Texte de l'allocution de Marx au meeting londonien sur la Pologne, Deutsche-Brüsseler-Zeitung
Cf. : "Engels, compte-rendu du meeting de Londres sur la Pologne..." http://merlerene.canalblog.com/archives/2015/09/05/32247116.html
Voici le texte de l'intervention de Marx au meeting londonien du 29 novembre 1847, tel que le publie le journal bihebdomadaire bruxellois de Marx le 9 décembre 1847. (Son lectorat germanophone mêle radicaux, socialistes et communistes.)
On peut consulter plusieurs traductions. Je donne ici celle de Maximilien Rubel.
"L’entente et la fraternité des nations est une phrase que tous les partis ont à la bouche aujourd’hui, notamment les libre-échangistes bourgeois. Il existe en effet une sorte de fraternité parmi les classes bourgeoises de toutes les nations : c’est la fraternité des oppresseurs contre les opprimés, des exploiteurs contre les exploités. De même que la classe bourgeoise d’un pays est fraternellement unie contre le prolétariat du même pays, malgré la concurrence et la lutte des membres de la bourgeoisie entre eux, de même les bourgeois de tous les pays sont fraternellement unis contre les prolétaires de tous les pays malgré leur rivalité et leur concurrence sur le marché mondial. Pour que les peuples puissent vraiment s’unir, il faut que leurs intérêts soient communs, il faut abolir les conditions actuelles de propriété, car elles impliquent l’exploitation des peuples entre eux. Seule la classe ouvrière a intérêt à abolir le régime actuel de la propriété. La classe ouvrière est d’ailleurs la seule à avoir les moyens de le faire. La victoire du prolétariat contre la bourgeoisie est en même temps la victoire sur les conflits nationaux et industriels qui dressent de nos jours les différents peuples les uns contre les autres. Aussi la victoire du prolétariat contre la bourgeoisie sera-t-elle le signal de la libération de tous les peuples opprimés.

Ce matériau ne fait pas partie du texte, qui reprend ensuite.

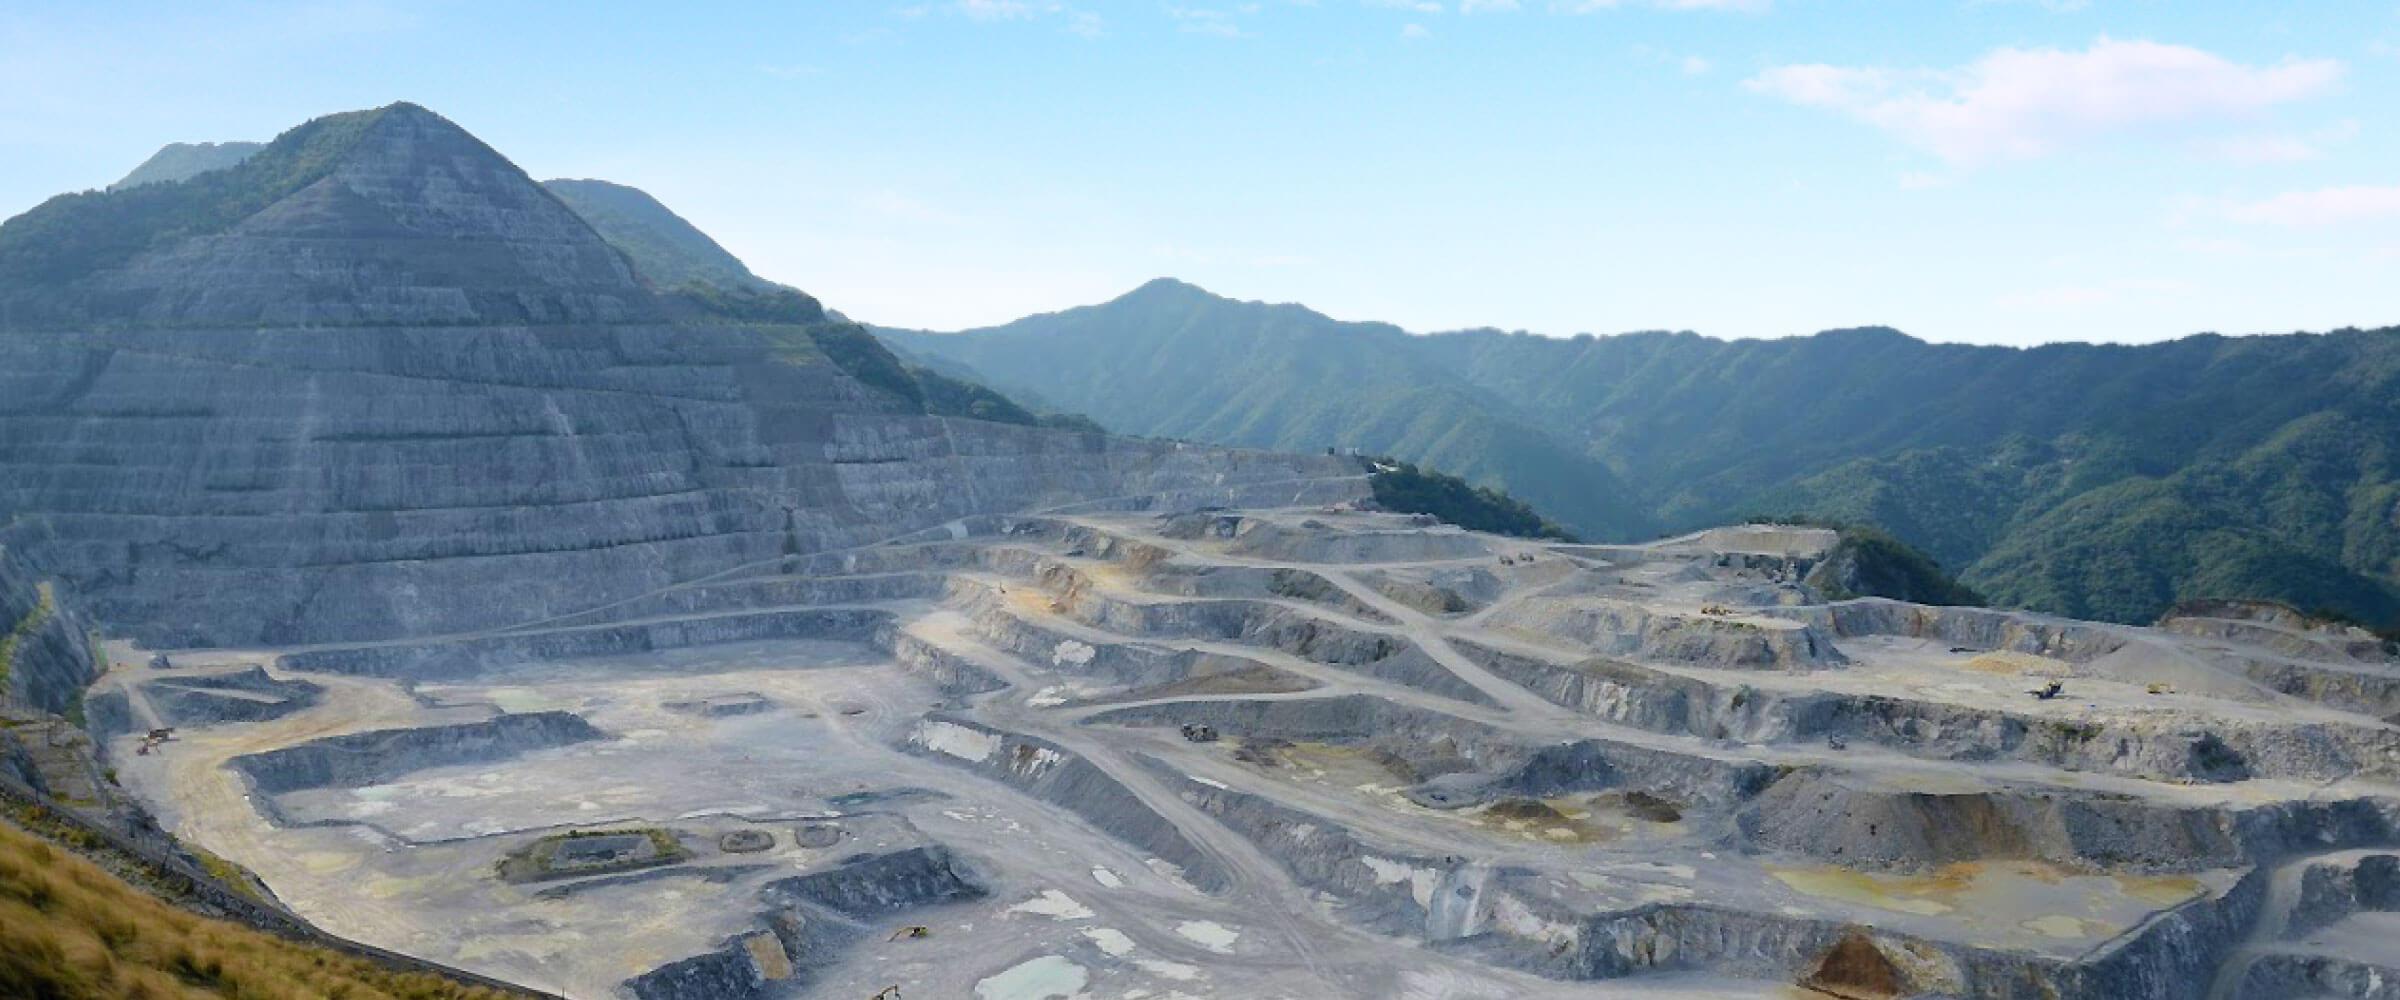 津久見の石灰岩鉱山

L’ancienne Pologne est certes perdue et nous serions les derniers à souhaiter son rétablissement. Mais l’ancienne Pologne n’est pas la seule à être perdue. La vieille Allemagne, la vieille France, la vieille Angleterre, toute l’ancienne société est perdue. Mais la perte de l’ancienne société n’est pas une perte pour ceux qui n’ont rien à perdre dans l’ancienne société, et dans tous les pays, c’est le cas pour la grande majorité des hommes. Bien au contraire, ils ont tout à gagner à la disparition de l’ancienne société, qui entraîne la création d’une société nouvelle non plus fondée sur l’antagonisme des classes. De tous les pays du monde l’Angleterre est celui où l’antagonisme entre le prolétariat et la bourgeoisie est le plus développé. La victoire du prolétariat anglais sur la bourgeoisie anglaise est, par conséquent, décisive pour la victoire de tous les opprimés contre leurs oppresseurs. Il en résulte que ce n’est pas en Pologne que la Pologne doit être libérée, mais en Angleterre. Et vous, chartistes, vous n’avez pas à exprimer de pieux souhaits pour la libération des nations. Battez vos propres ennemis de l’intérieur et vous pourrez avoir la fière conscience d’avoir battu toute l’ancienne société."